Because of the technical challenges of having very large numbers of CPU cores in a single shared-memory computer, all of today's supercomputers use the same basic approach in building a large system: take lots of separate computers and connect them together with a fast network.




Each separate computer, or node, operates independently and has its own memory totally separate from the other nodes. CPU cores in one node cannot directly access the memory in other nodes either; all the communication is done via the network. Each node also runs a separate copy of the operating system.

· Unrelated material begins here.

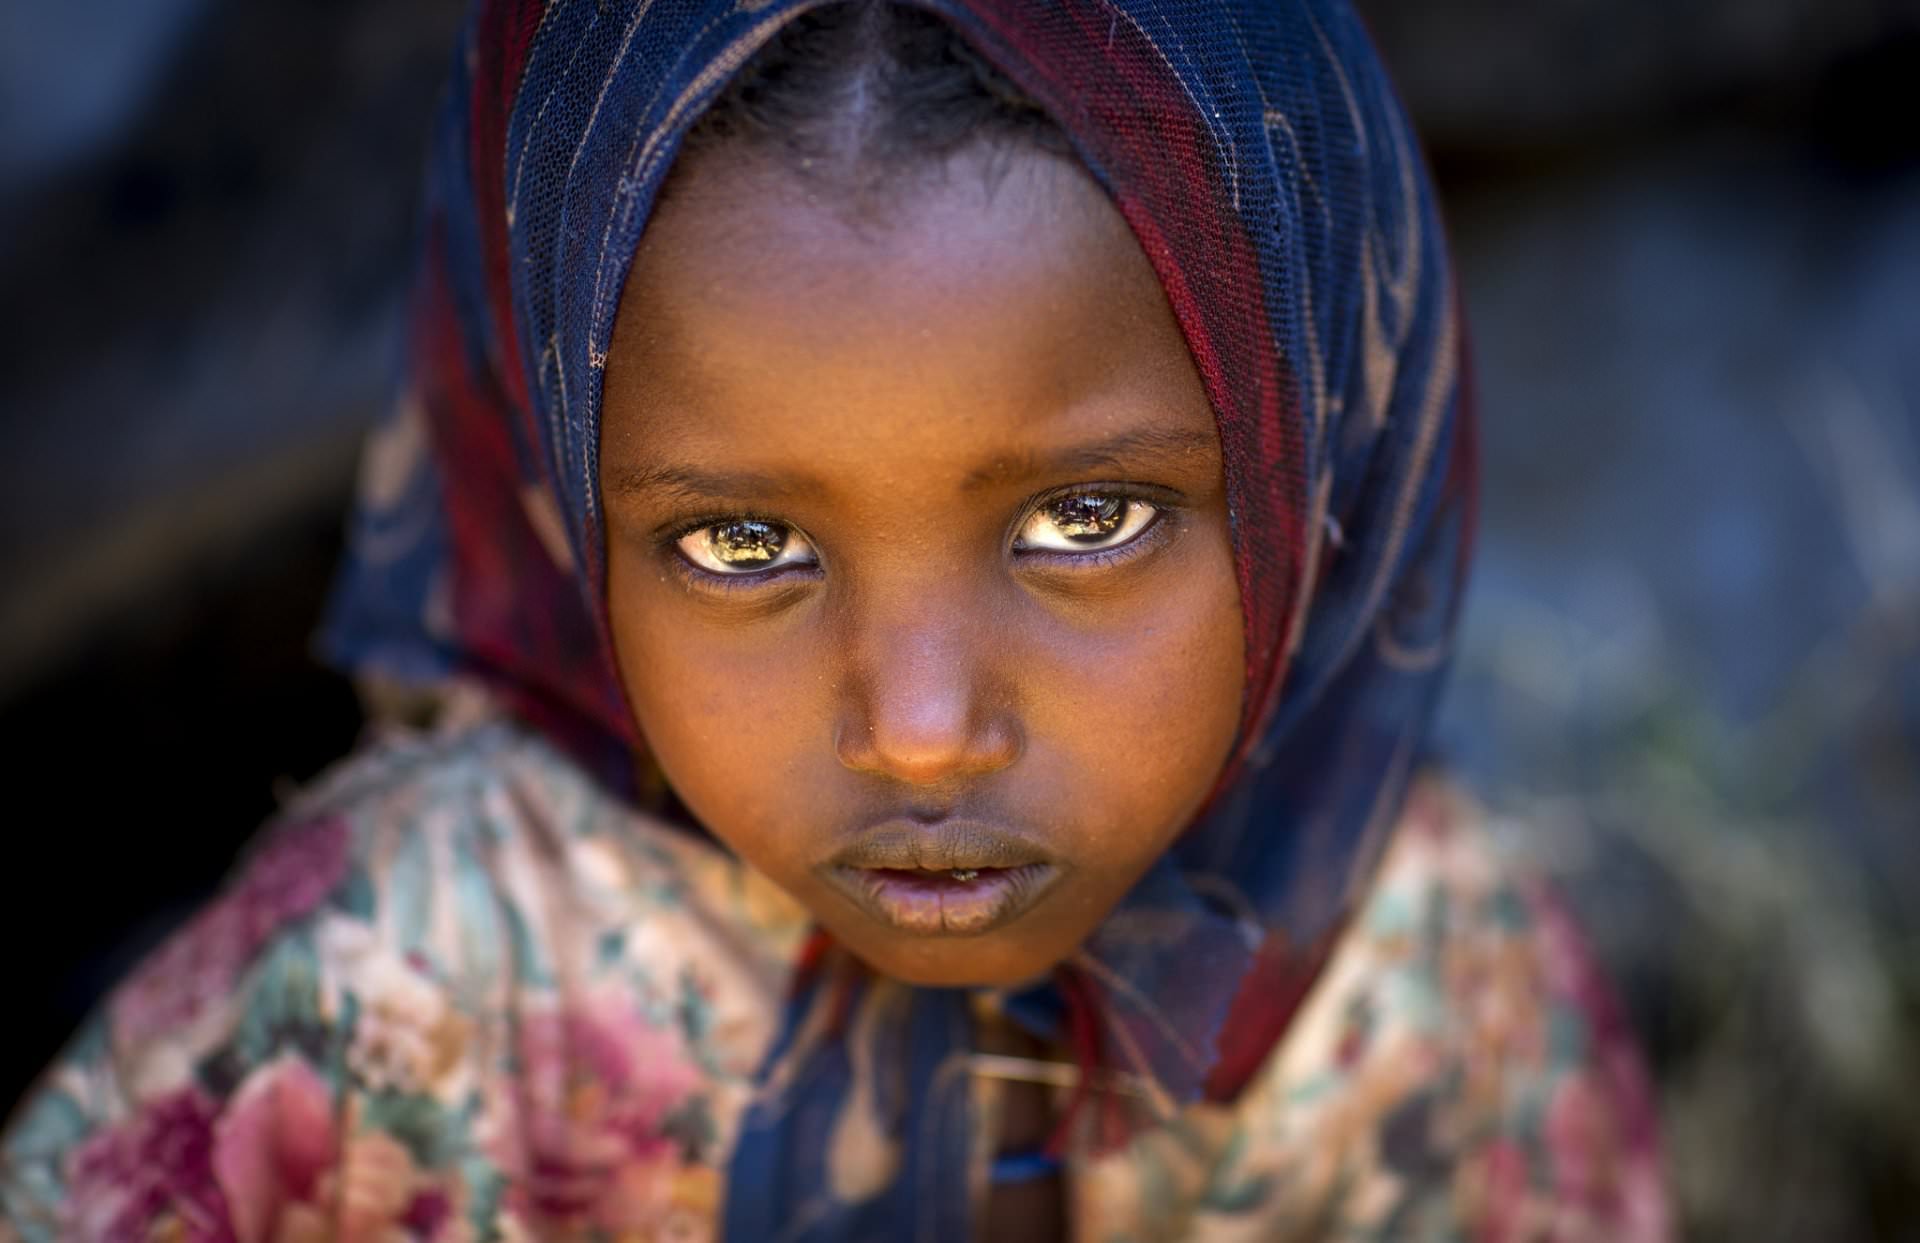 africa-ethiopia-yabelo-girl-boranes-child-man-planet-people-eric-lafforgue-photography.jpg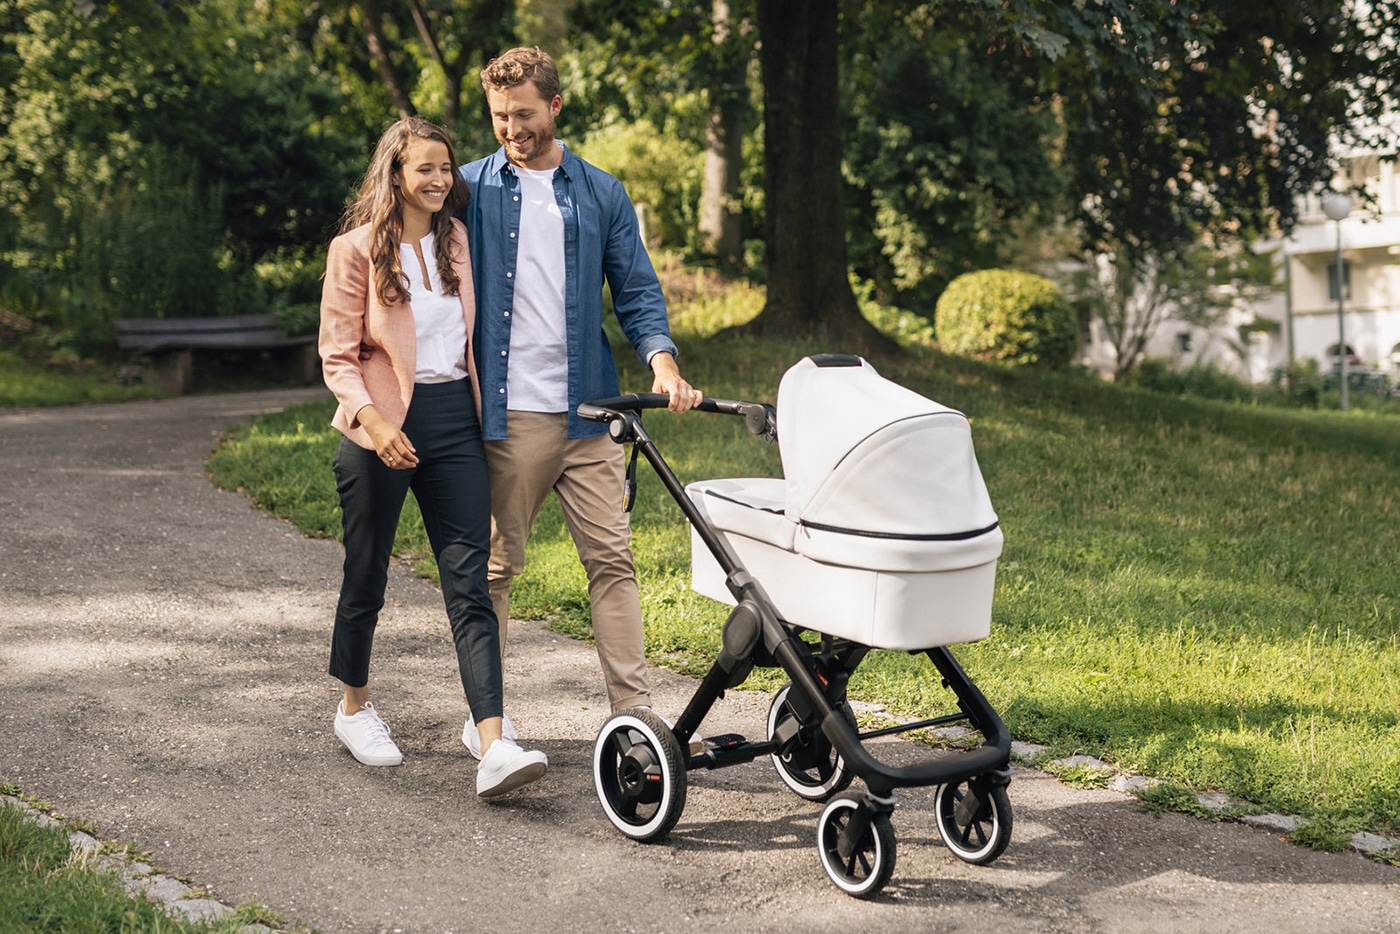 Bosch e-stroller system revolutionizes comfort and safety. Image Credit: Bosch

Continuing with the office analogy, a distributed-memory computer is like a set of workers distributed among several offices, each with their own whiteboard, communicating with each other by phone. With this analogy, we can clearly see both the advantages and disadvantages of the approach.



Advantages

  • "Infinite" capacity: The number of whiteboards (i.e., the total amount of memory) increases as we add more offices. When a problem is too large to fit in the memory of a node, we just use more nodes so that less memory per node is needed.

  • "Infinite" computing power: The number of workers increases as we add more offices. When a problem takes too long to solve, we just use more nodes to have less work per node, which in practice means more parallelism.

  • No "overcrowding" of the memory bus: As the number of workers per whiteboard is constant, memory access speed does not decrease when adding more nodes.

  • Low cost: It is relatively cheap to increase the memory and computing capacity of the system by adding more nodes.

Limitations

  • Possibly expensive communication: Following our analogy, the more calls are made between the offices, the more time is spent in communication.

  • Communication overheads: Using a phone takes more time than just reading or writing on the whiteboard.

  • Possibly saturated communication network: Two offices calling each other cannot be reached from the other offices at the same time. Although it is possible to leave a message or use group calls between several offices, there is still a limit on how quickly information can flow between the offices.

  • Data requirements: Data must be split across all the nodes, which can be challenging with large and complex data.

  • System and software requirements: Operating system and all software must be installed and maintained in many nodes. Fortunately, this can largely be automated.



Despite the limitations, it has turned out that it is much easier and cheaper to build networks connecting great quantities of computers than it is to have numerous CPU cores in a single shared-memory computer. This means it is relatively straightforward to build physically huge supercomputers - it is an engineering challenge, but one that the computer engineers seem to tackle skillfully!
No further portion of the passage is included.